Rules are not meant to be restrictive. They are meant to be liberating, and facilitate fulfillment of goals. Rules that enable order within the lives of everyone, as everyone is dealing with uncertainty and chaos. Complexity cannot be ignored, as confusion and suffering come from ignoring reality. Each individual needs to manage the chaos of complexity, and the order of simplicity. To manage the static and dynamic aspects of life. To manage the continuous flux of interactions between the values of chaos and order. New instabilities make way for new orders.

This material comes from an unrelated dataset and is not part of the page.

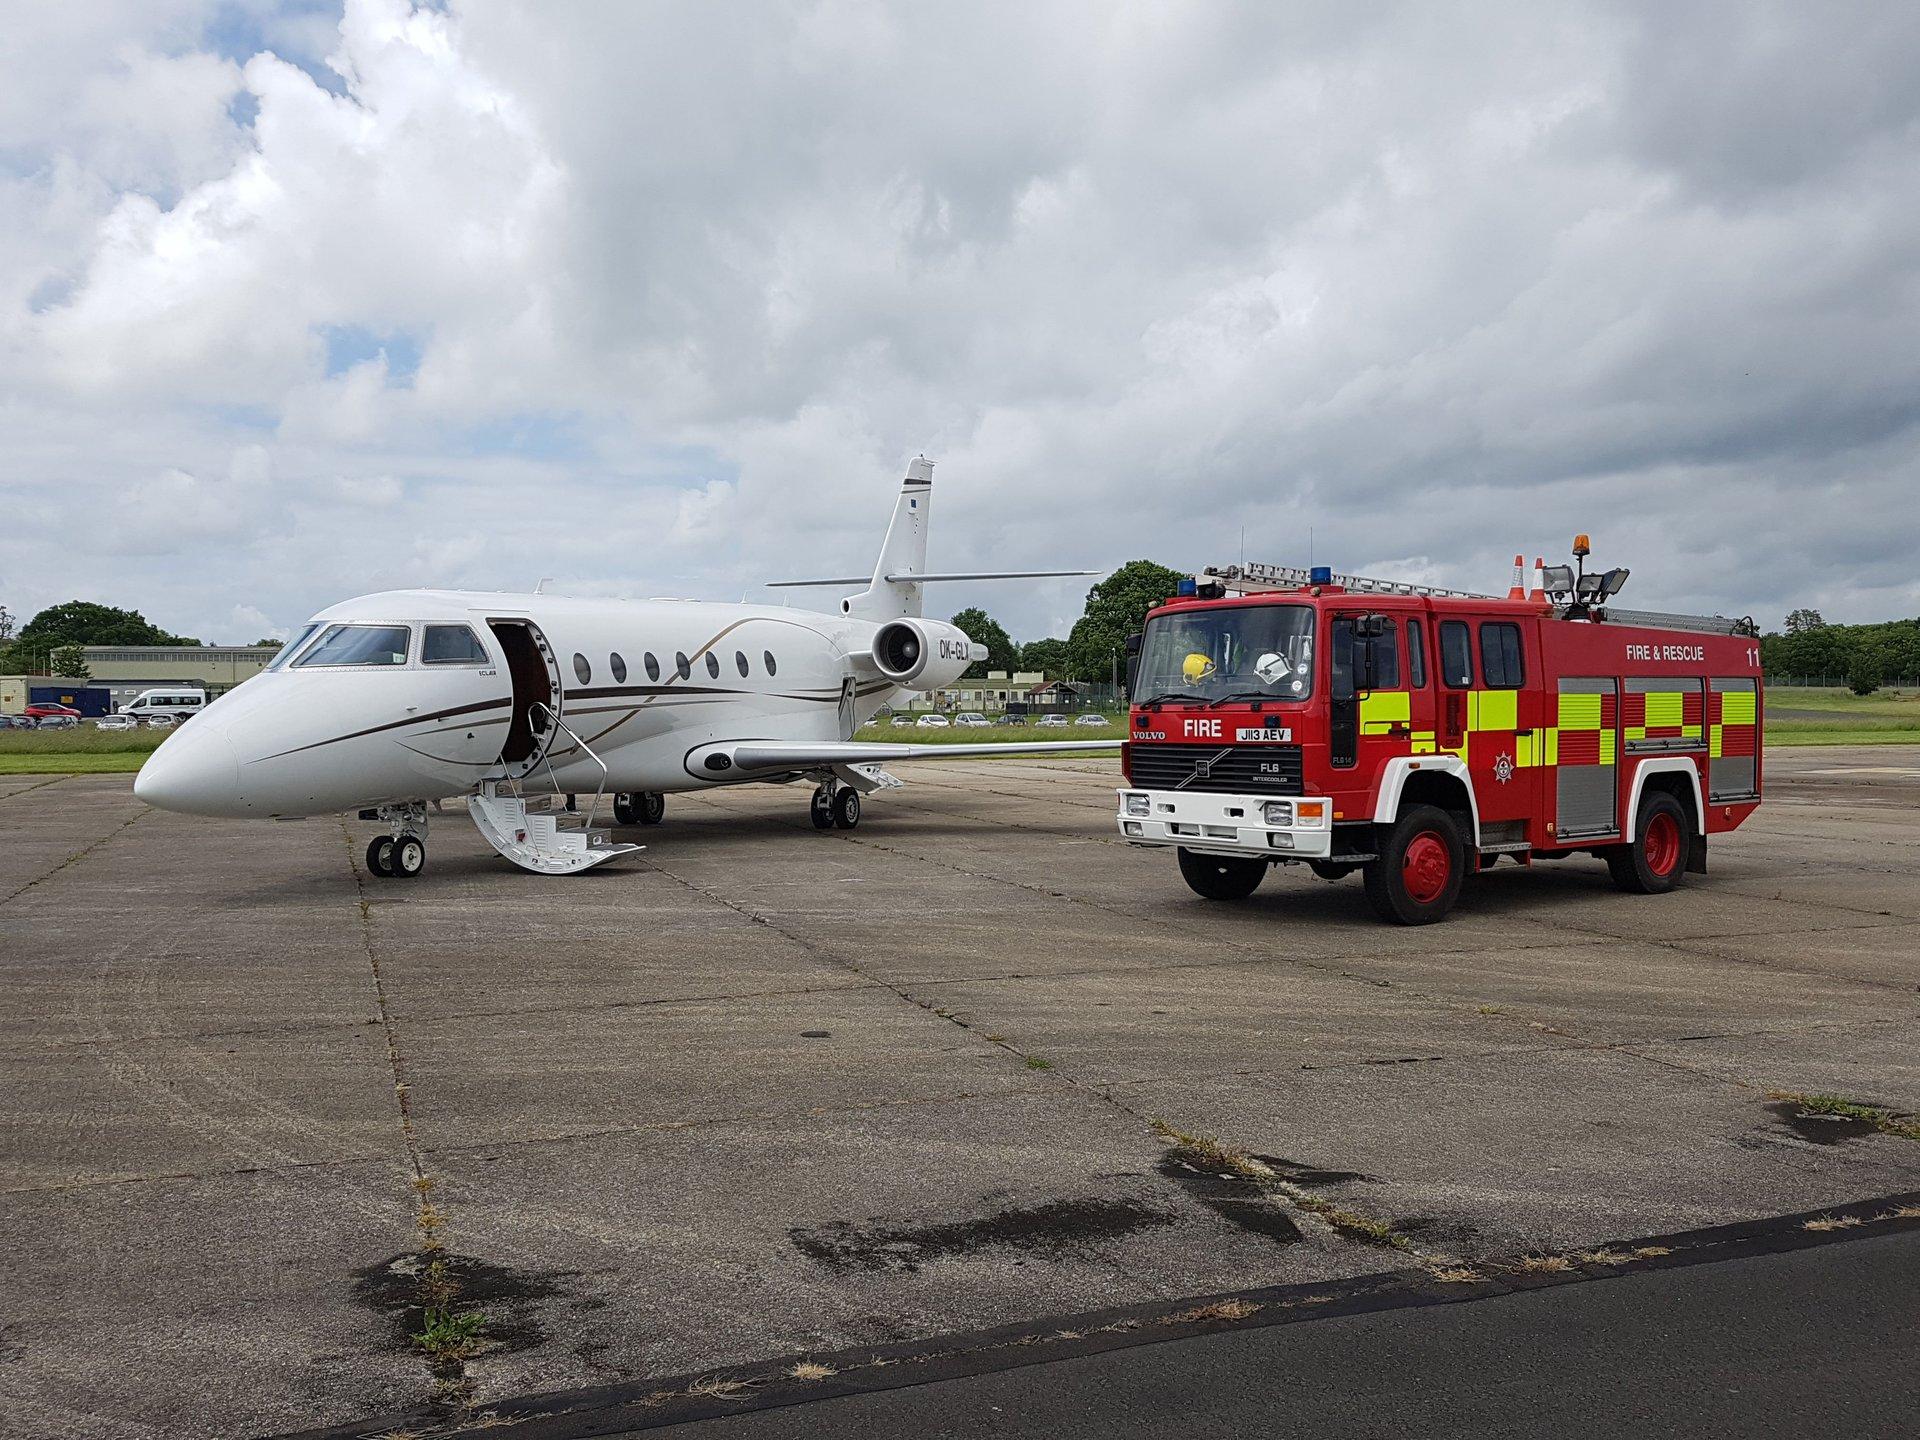 fire cover plane

Ideology is cautioned against, for it simplifies the complexity of life. Ideologues have a pretentious claim on having all the needed information, and how to resolve problems. Ideologies substitute the complexity of reality, with a simplified understanding. The complexity of the world becomes known when something that has been dependent on and invisible, no longer functions.

Values, And Choice:
When individual’s understanding does not coincide with the reality faced, the individual needs to error correct decisions making. Error corrections requires considering alternative possibilities. To sacrifice prior beliefs, and behaviors to become better. Those who are inauthentic continue with their acts, even with evidence of problematic outcomes. Those who are authentic learn from experiences and errors, which allows them to adjust themselves for better outcomes.

Everyone has some values, and wants to learn. A conversation is a mutual exploration of ideas. Requiring reciprocity in listening and speaking. Each trying to learn from the conversation. But when trying to advise others, better to figure out how the advice impacts one’s own values and choices, before criticizing others. Peterson welcomes challenges to Peterson’s ideas. Peterson thinks through problems in a dialogic process.

Much like a conversation requires negotiation of values, friendship and loyalty are a negotiation. The company someone keeps can brighten their life, or make them miserable. The worthy friendships are those with individuals that want to help each other, and are willing to reciprocate the help given. There is no obligation to help those who want to make the world worse. Even with children, behavior should be restricted to prevent disliking them and rewarding misery with more misery.

Values are derived from the groups individuals belong to. Individual get a sense of meaning from belonging. But with different value systems comes the possibility of conflict. Loss of values makes the individual’s internal life chaotic and miserable, while values generate external group conflict. As the West withdrew from traditions and historical values to limit group conflict, the society has fallen to desperation of meaninglessness.

To justify existence, the individual needs to take responsibility. To be part of a society with rules, standards, and values. Humans are social animals, and produce value together. For that, we need routines and tradition which create order. Too much order is a problem, but so is chaos. It takes a lot of effort to take responsibility for individual life, society, and the world. Responsibility to breakdown values but also create them, in order to prevent or reduce suffering. The alternative of chaos is worse for that leads to authoritarian beliefs, and purposeless individuals.

Much suffering comes not from external sources, but internal values. The individual knowns all of their transgressions and inadequacies, making the individual not feel worthy of being helped. Not seeking help when needed is a form of punishing oneself for failings. To enable oneself to become better, the individual has to take make oneself worthy of being helped. To take responsibility for their life. Everyone has advantages, and disadvantages. Everyone suffers in some way, and has pains.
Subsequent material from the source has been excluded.